Prep 10 mins
Cook 40 mins
Great quick and easy dinner. I served it with Honey-Mustard Potatoes, Tomatoes and Cucumbers. Out of the new TOH's Quick Cooking Magazine.
- 6 boneless skinless chicken breast halves (1-1/2 pounds)
- 1 can cream of chicken soup, undiluted
- 1⁄2 cup white wine or 1⁄2 cup chicken broth
- 6 slices swiss cheese
- 1 cup crushed seasoned croutons
- Place chicken in a greased 13-in.
- x 9-in.
- x 2-in.
- baking dish.
- In a bowl, combine the soup and the wine or broth; pour over chicken.
- Top with cheese and sprinkle with croutons.
- Bake, uncovered, at 350 degrees for 35-40 minutes or until chicken juices run clear.

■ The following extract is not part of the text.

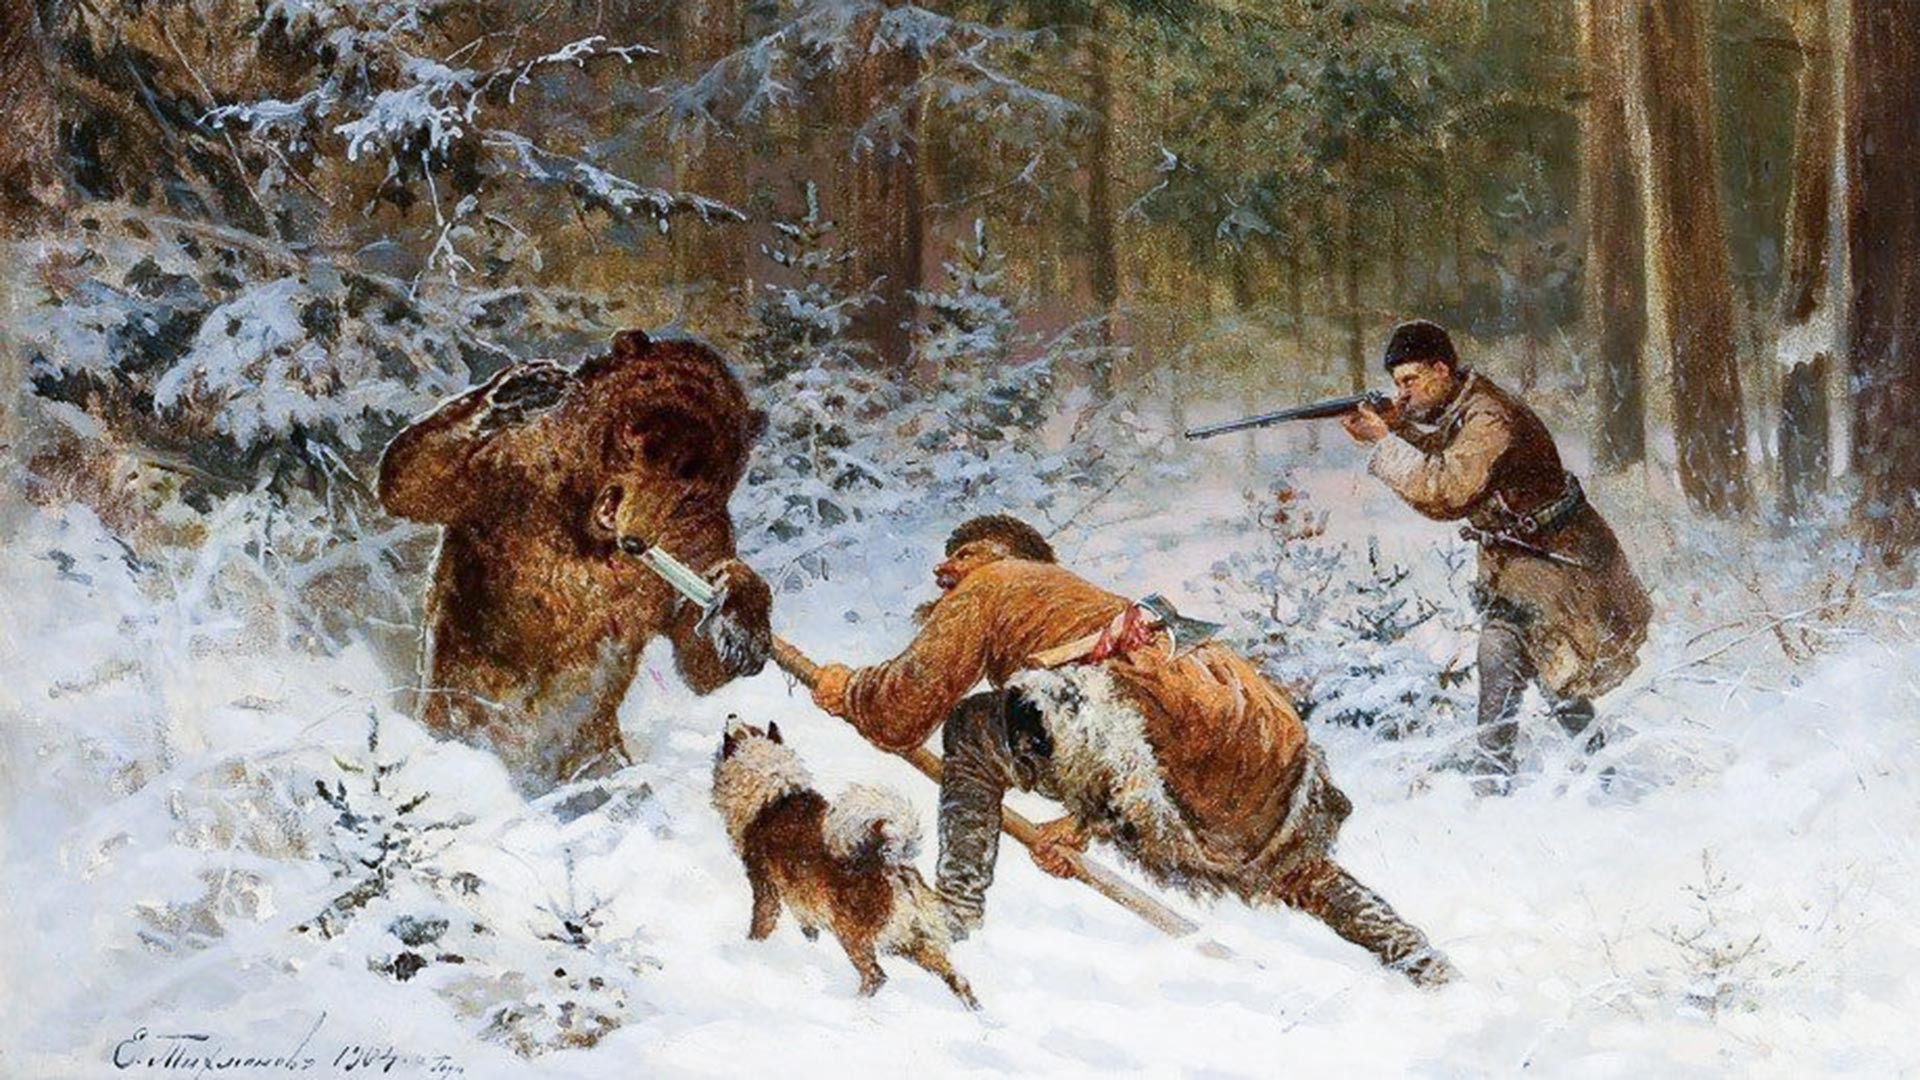 La caccia all'orso in Russia: come è cambiata nel corso dei secoli - Russia  Beyond - Italia

This recipe is similar to one of mine, and another that's on Zaar, but the others use Pepperidge Farm Stuffing on top. It's one that I fix often, just because it's so easy and so good.
I wish I could give more stars!! I had this recipe in my 'to try' binder, I had also seen it in the Quick Cooking magazine and saved it. It was on my menu last week and when I came to post it, saw it already here!! DELICIOUS!!!!! I more than halved the recipe (some of it). Just my husband and I... so I used only 2 large chicken breasts. I used the full amount of chicken broth and the whole can of soup though (and 2 slices of Swiss and 1 cup of the crushed croutons)... because I was having mashed potatoes on the side and was planning on using the leftover "sauce" for the top. Well it made the most delicious gravy EVER. Great on top of mashed potatoes (and candied carrots on the side). I used garlic butter croutons - the garlic added a delicious "bang" to the dish.. and the croutons sprinkled on top almost made a stuffing of sorts! :drools: I can't wait to make this again!!!